Overview
This lecture provides a beginner-friendly overview of statistics, focusing on key data types, distributions, estimation, hypothesis testing, and the importance and pitfalls of p-values, all with minimal math and practical examples.
Types of Data
- Data is divided into categorical and numerical types.
- Categorical data includes nominal (no order, e.g., team names) and ordinal (ordered categories, e.g., player positions).
- Numerical data includes discrete (countable values, e.g., free throws missed) and continuous (any value within a range, e.g., height).
- Proportions aggregate nominal data into a numerical summary, like shooting percentage.
Distributions
- Distributions show how data values are spread across possible outcomes.
- Common distributions: normal (bell curve), uniform (equal probability), bimodal (two peaks), and skewed (tail on one side).
- Normal distribution is symmetric with most values around the mean.
- Probability density functions describe the likelihood of selecting certain values.
Sampling and Estimation
- Samples are taken to estimate unknown population parameters like a player's true shooting percentage (theta, θ).
- The larger the sample size, the less variable the sample statistic is.
- Sample statistics (like proportions) estimate population parameters, but always with some uncertainty.
- Confidence intervals quantify this uncertainty, e.g., a 95% confidence interval suggests high confidence that the true value lies within it.
Parameters and Sample Statistics
- Common parameters: mu (μ, mean), sigma (σ, standard deviation), pi (π, proportion), rho (ρ, correlation), beta (β, gradient).
- Sample statistics: x-bar (sample mean), s (sample standard deviation), p (sample proportion), r (sample correlation), b (sample gradient).
- Greek letters represent parameters, Latin letters represent estimated statistics.
Hypothesis Testing
- Hypothesis testing assesses if sample evidence supports a claim about a population parameter.
- Null hypothesis (H₀): a default claim (e.g., shooting percentage ≤ 50%).
- Alternate hypothesis (H₁): the claim being tested (e.g., shooting percentage > 50%).
- Rejection region: range of values deemed too extreme for H₀, usually top 5% (significance level).
- Never say "prove" or "accept" the null; only "reject" or "do not reject" based on evidence.
P-values
- A p-value measures how extreme the sample result is under H₀.
- Small p-values (<0.05) suggest evidence against H₀ and justify rejection.
- If the p-value is larger, do not reject H₀—insufficient evidence for H₁.
- P-value less than significance level means the sample falls in the rejection region.
Pitfalls: P-hacking
- P-hacking occurs when many hypotheses are tested, and only significant results are reported.
- Repeated testing increases the probability of finding significant results by chance.
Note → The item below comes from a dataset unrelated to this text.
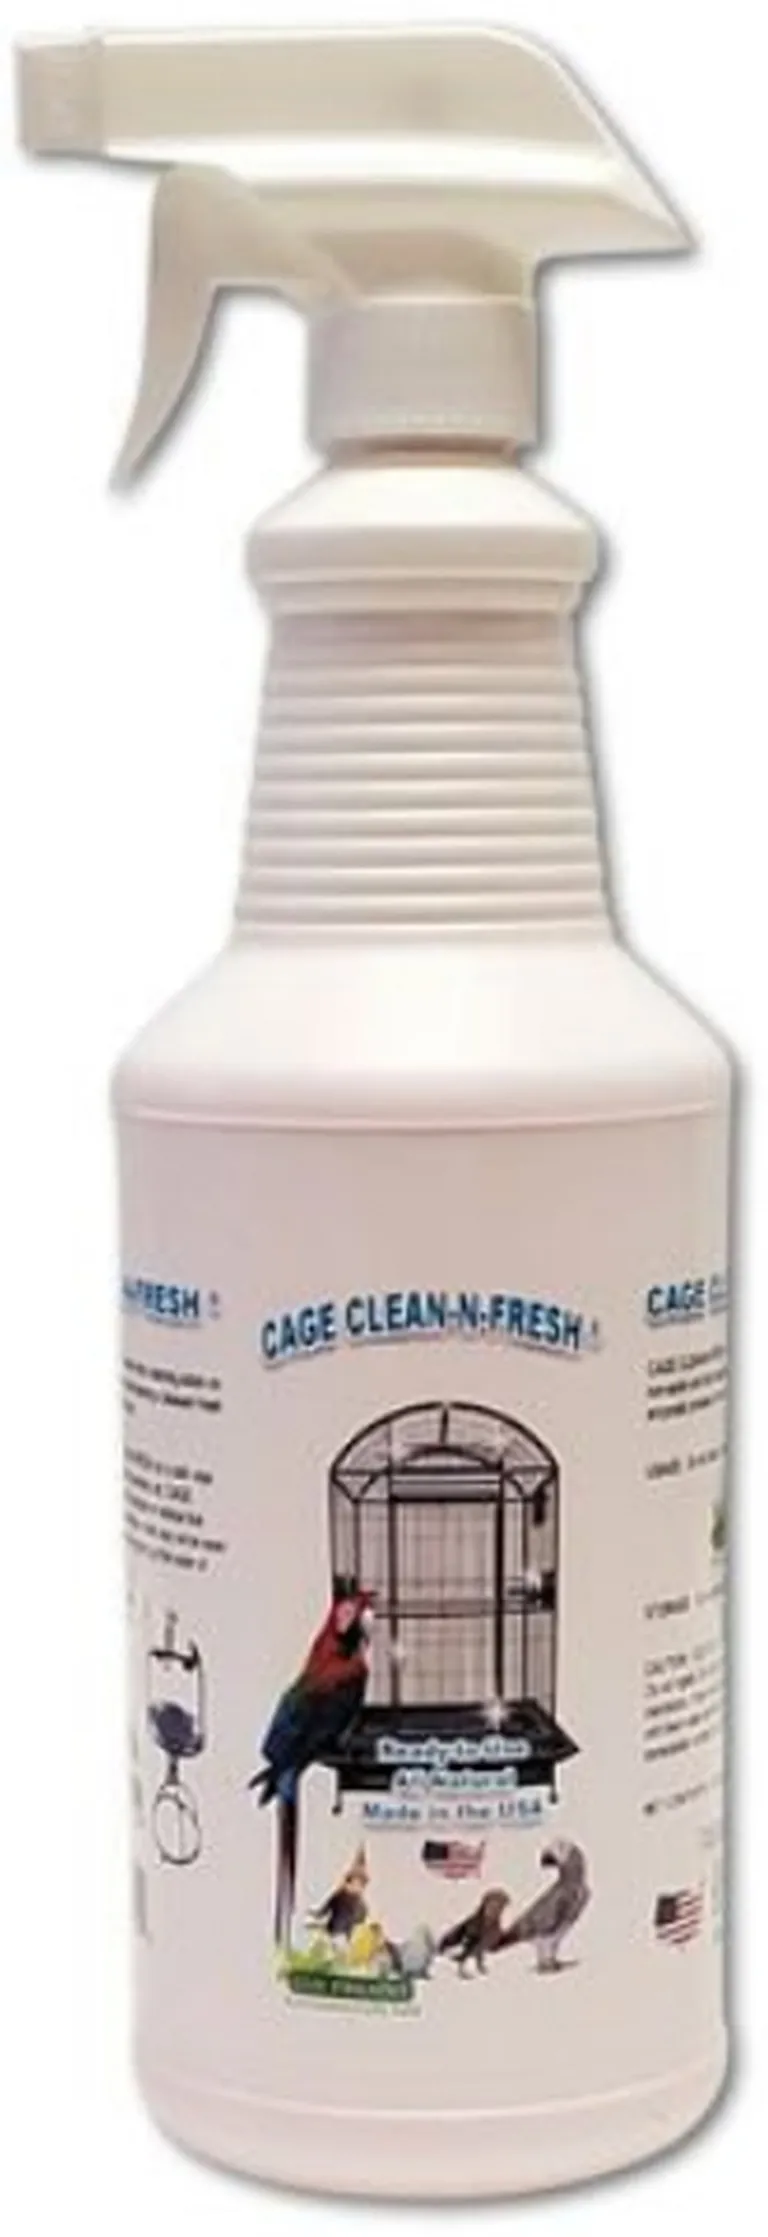 AE Cage Company Cage Clean n Fresh Cage Cleaner Fresh Peppermint Scent Photo 1

- Good research tests a pre-specified effect, not multiple effects for significance.
Key Terms & Definitions
- Categorical Data — Data grouped into categories (e.g., team, position).
- Numerical Data — Data expressed as numbers, either discrete or continuous.
- Sample Statistic — Number calculated from a sample, used to estimate a parameter.
- Parameter — Unknown, fixed value describing the whole population.
- Confidence Interval — Range estimating a parameter with a stated confidence level.
- Hypothesis Test — Procedure to assess evidence for or against a claim.
- Null Hypothesis (H₀) — Default assumption in a statistical test.
- Alternate Hypothesis (H₁) — Claim tested against the null.
- Rejection Region — Outcomes where H₀ is rejected.
- P-value — Probability of observing results as extreme as the sample under H₀.
- P-hacking — Manipulating analysis to find statistically significant (but possibly misleading) results.
Action Items / Next Steps
- Review examples of data types and distributions.
- Practice identifying null and alternate hypotheses for different scenarios.
- Read about confidence intervals and calculating p-values.
- Be cautious of interpreting p-values, and avoid p-hacking in research.